Add ~50–150 MB overhead for the Tokio runtime, the source connection pool, jemalloc bookkeeping, and the OS page cache on the temp file.

### Rule of thumb by table width

| Table type | Avg row bytes | Recommended batch_size | Expected peak RSS |
|---|---|---|---|
| Narrow (IDs, timestamps, small text) | ~100 B | 50 000–100 000 | ~50–200 MB |
| Medium (mixed text, JSON) | ~1 KB | 10 000–25 000 | ~50–250 MB |
| Wide (TEXT/JSONB payloads ≥ 10 KB avg) | ~10 KB | 500–2 000 | ~50–200 MB |

Use the `safe` profile for wide tables — it caps `batch_size` at 500 automatically.

### How `memory_threshold_mb` works

When `tuning.memory_threshold_mb` is set, Rivet samples RSS after each batch (via `mach_task_basic_info` on macOS, `/proc/self/statm` on Linux). If RSS exceeds the threshold, fetching pauses until RSS drops below 80 % of the limit. This prevents OOM on tables with highly variable row widths.

```yaml
source:
  tuning:
    memory_threshold_mb: 1024   # pause fetching above 1 GB RSS
```

The guard adds ~1–2 ms of overhead per batch from the RSS syscall. It is enabled by default on `balanced` (4096 MB) and `safe` (2048 MB) profiles; set `memory_threshold_mb: 0` to disable it.

### Parallelism and source capacity

Each parallel chunk worker opens its own source connection.
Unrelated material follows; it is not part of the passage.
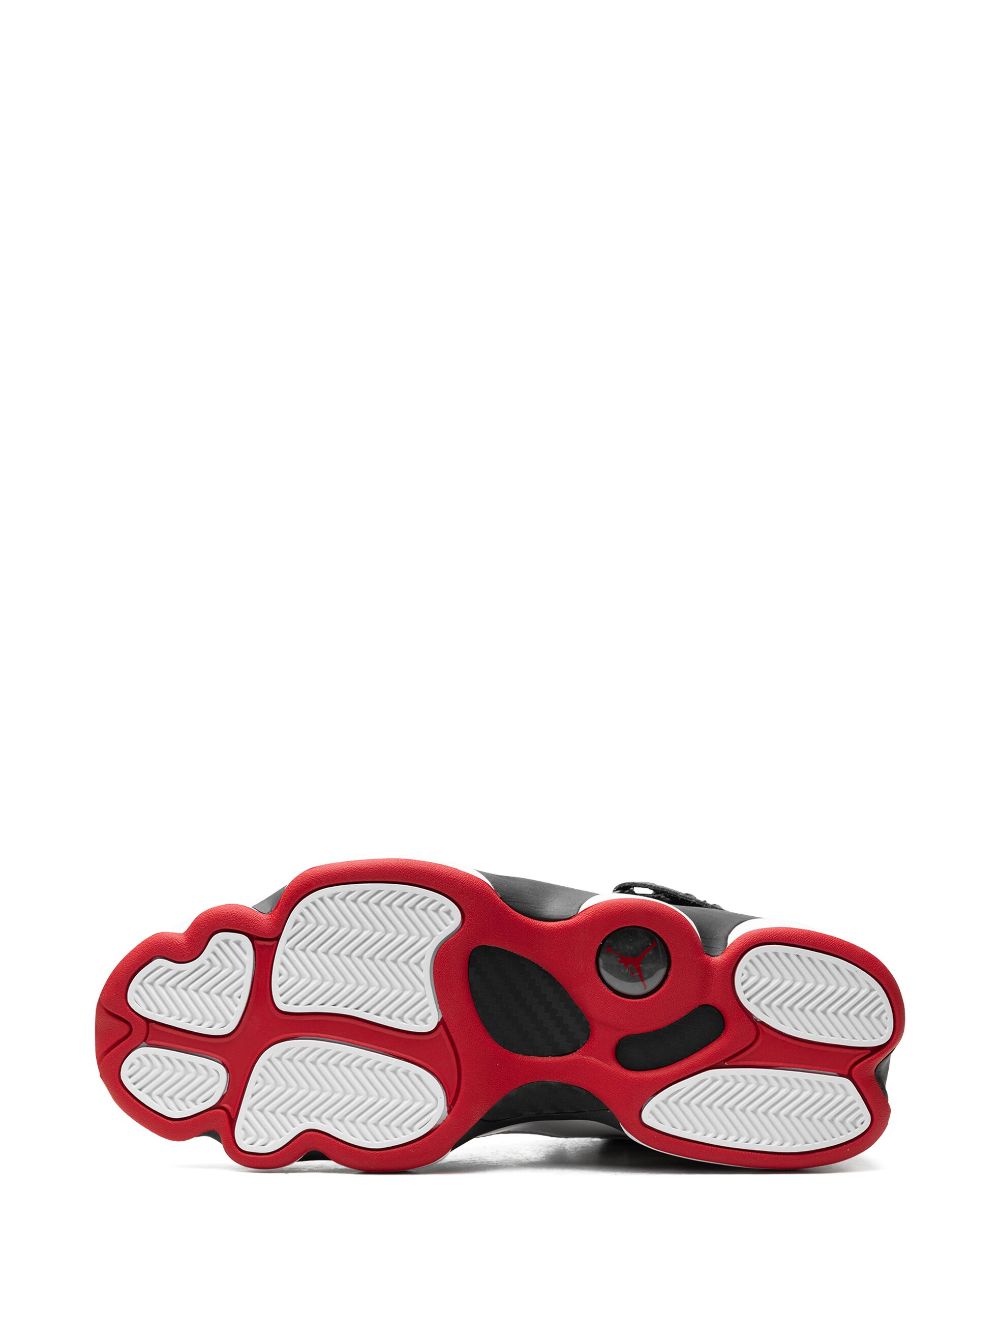 Shop Jordan 6 Rings "wht/blk/red" Sneakers In Black

Postgres `max_connections` is typically 100–200 for shared instances and 20–50 for read replicas. `rivet check` warns when `parallel >= max_connections`.

Safe upper bound: `parallel ≤ max_connections / 4` to leave headroom for application traffic.

### Per-export memory isolation

`--parallel-export-processes` spawns one OS process per export — each export has its own allocator and heap, so peak RSS is per-export rather than aggregate. Use this mode when running many wide-table exports at once on memory-constrained hosts.